→ Data below

☆ ☆ ☆

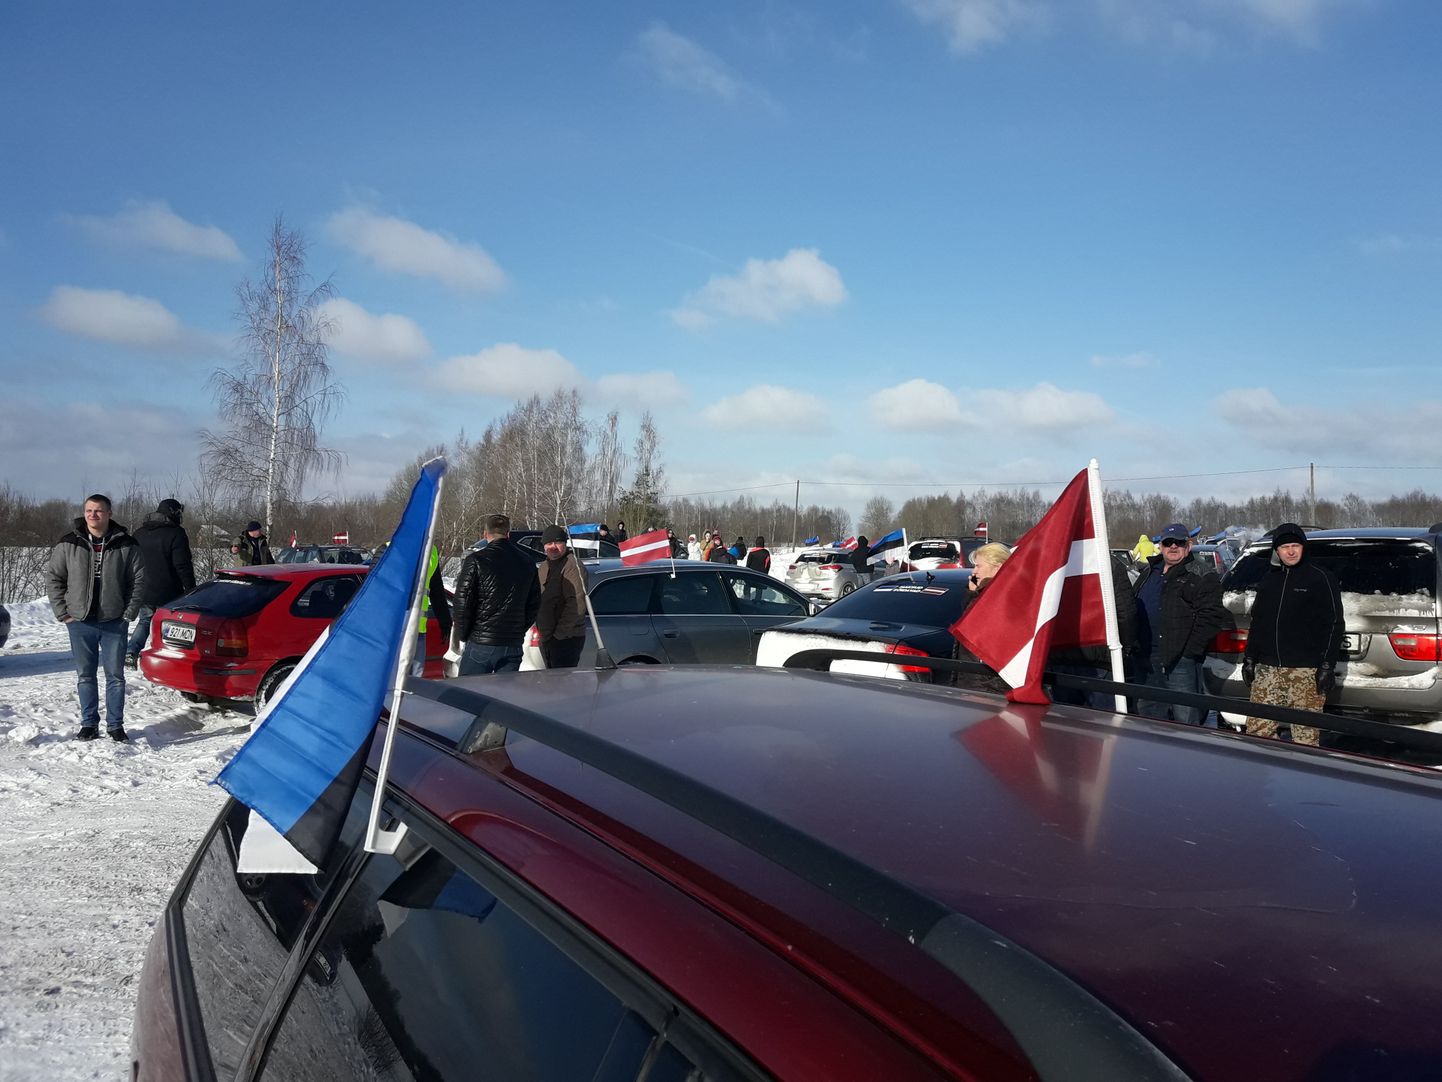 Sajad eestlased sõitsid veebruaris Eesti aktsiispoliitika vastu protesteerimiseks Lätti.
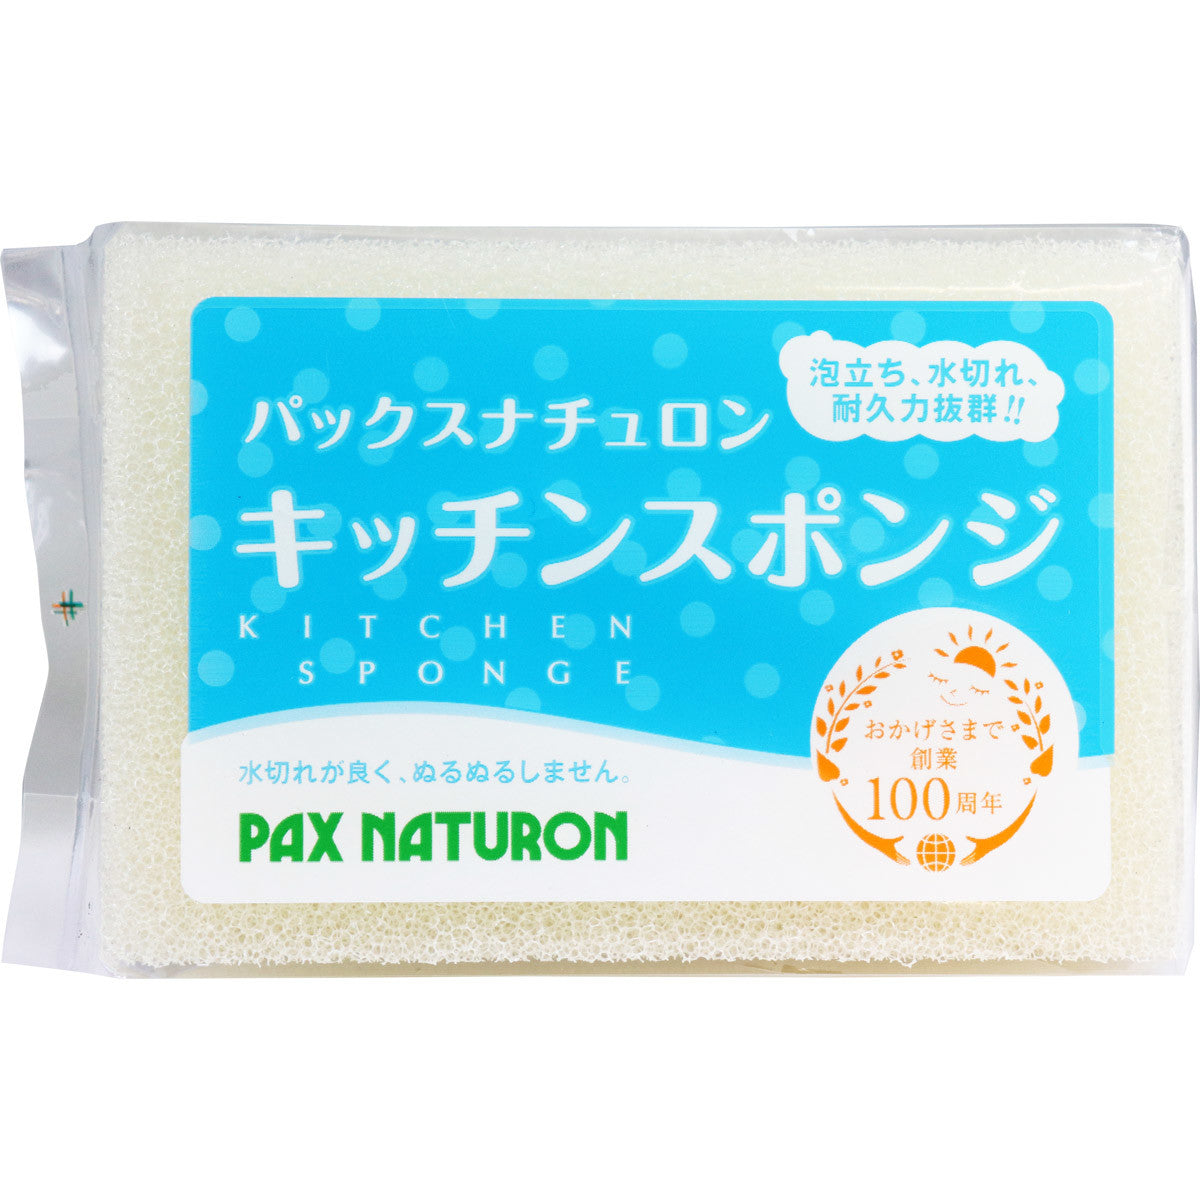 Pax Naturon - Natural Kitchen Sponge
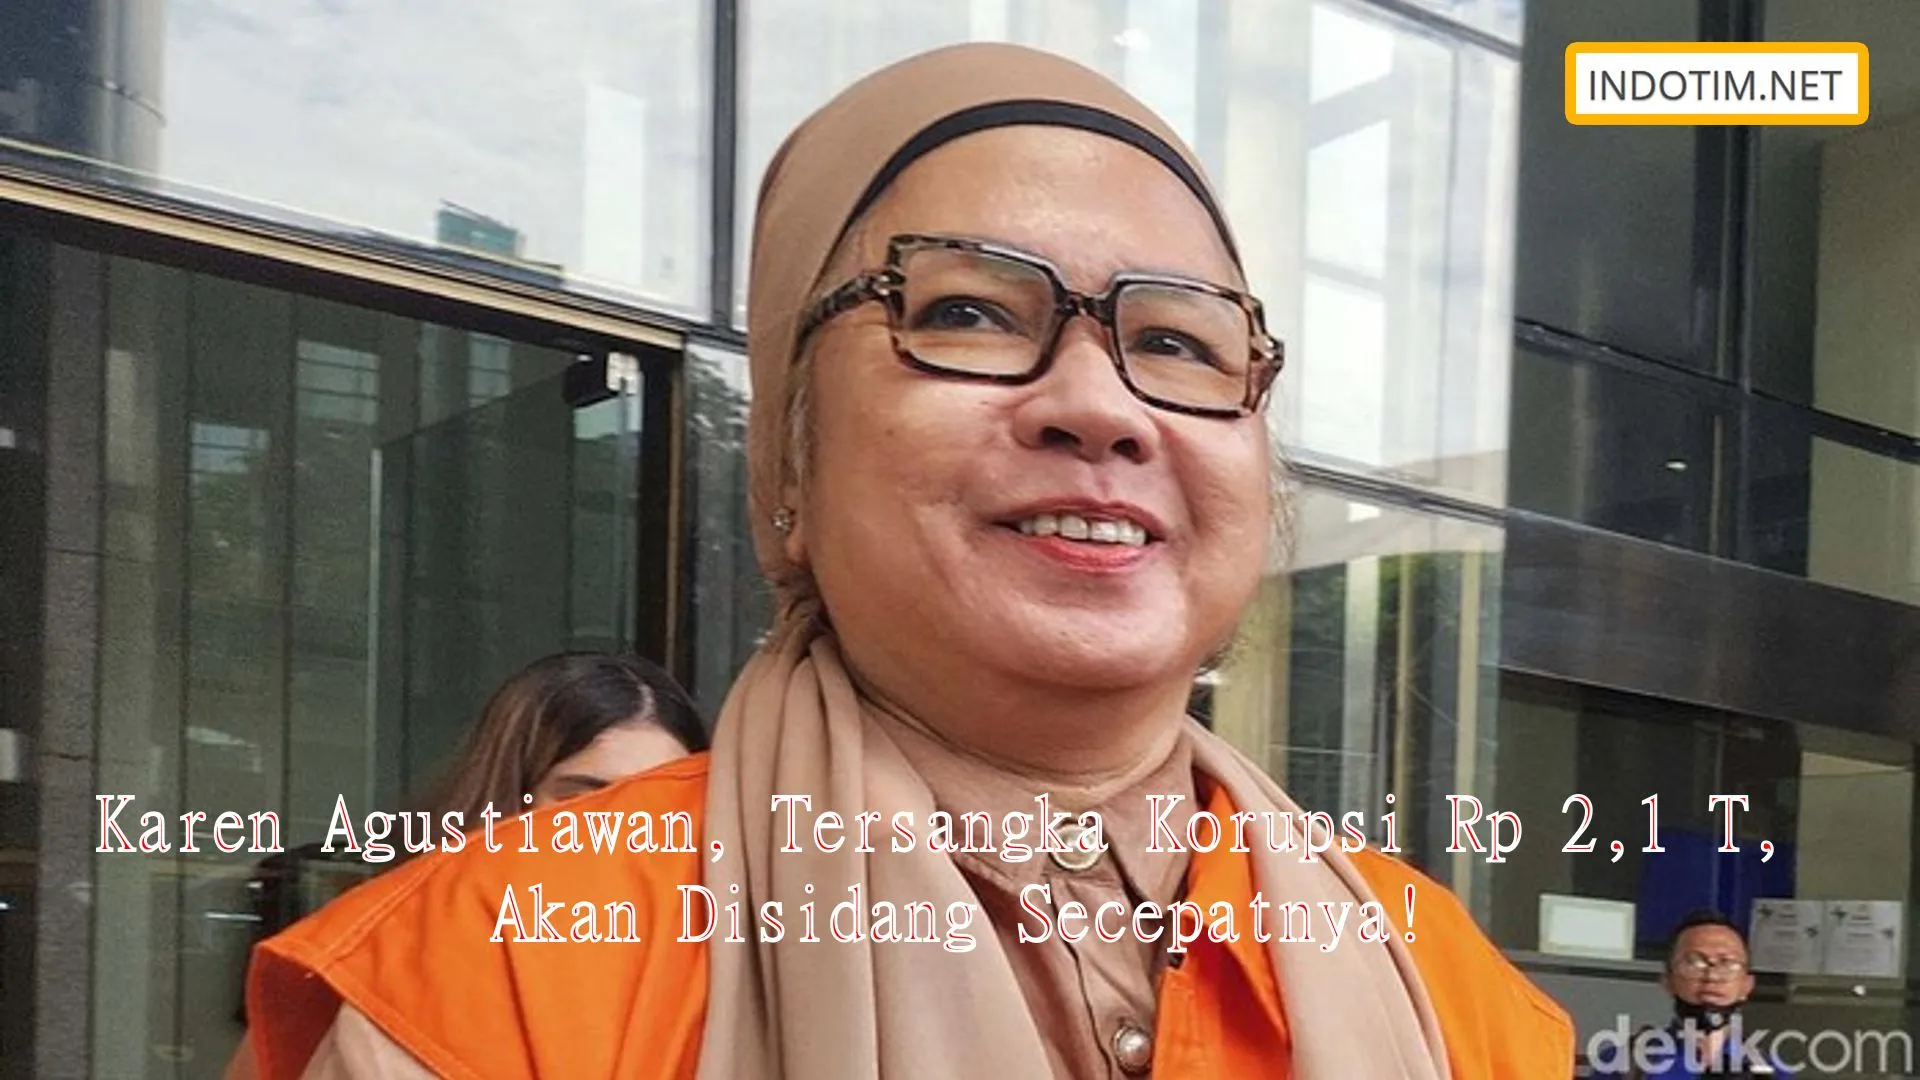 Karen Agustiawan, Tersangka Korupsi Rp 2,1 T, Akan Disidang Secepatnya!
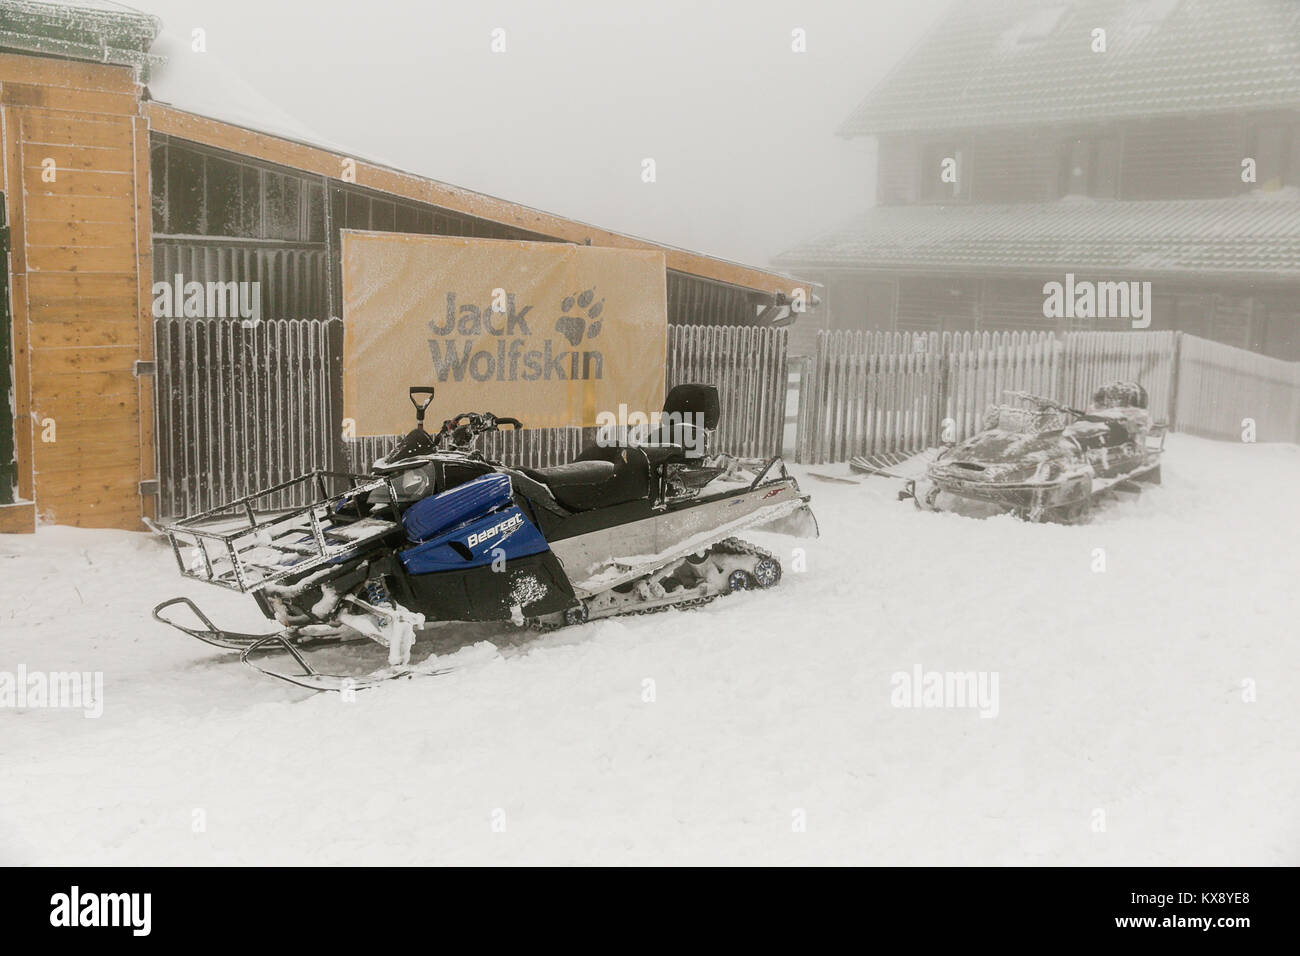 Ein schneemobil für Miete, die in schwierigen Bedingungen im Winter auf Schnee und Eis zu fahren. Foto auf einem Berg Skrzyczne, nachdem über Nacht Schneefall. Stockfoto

☆ ☆ ☆

→ Work order
All lines from the one containing "Pax Naturon - Natural Kitchen Sponge" through the end of the data are to be restated exactly, with nothing else and without the pictures.

→ Your solution
 Pax Naturon - Natural Kitchen Sponge
 Karen Agustiawan, Tersangka Korupsi Rp 2,1 T, Akan Disidang Secepatnya!
 Ein schneemobil für Miete, die in schwierigen Bedingungen im Winter auf Schnee und Eis zu fahren. Foto auf einem Berg Skrzyczne, nachdem über Nacht Schneefall. Stockfoto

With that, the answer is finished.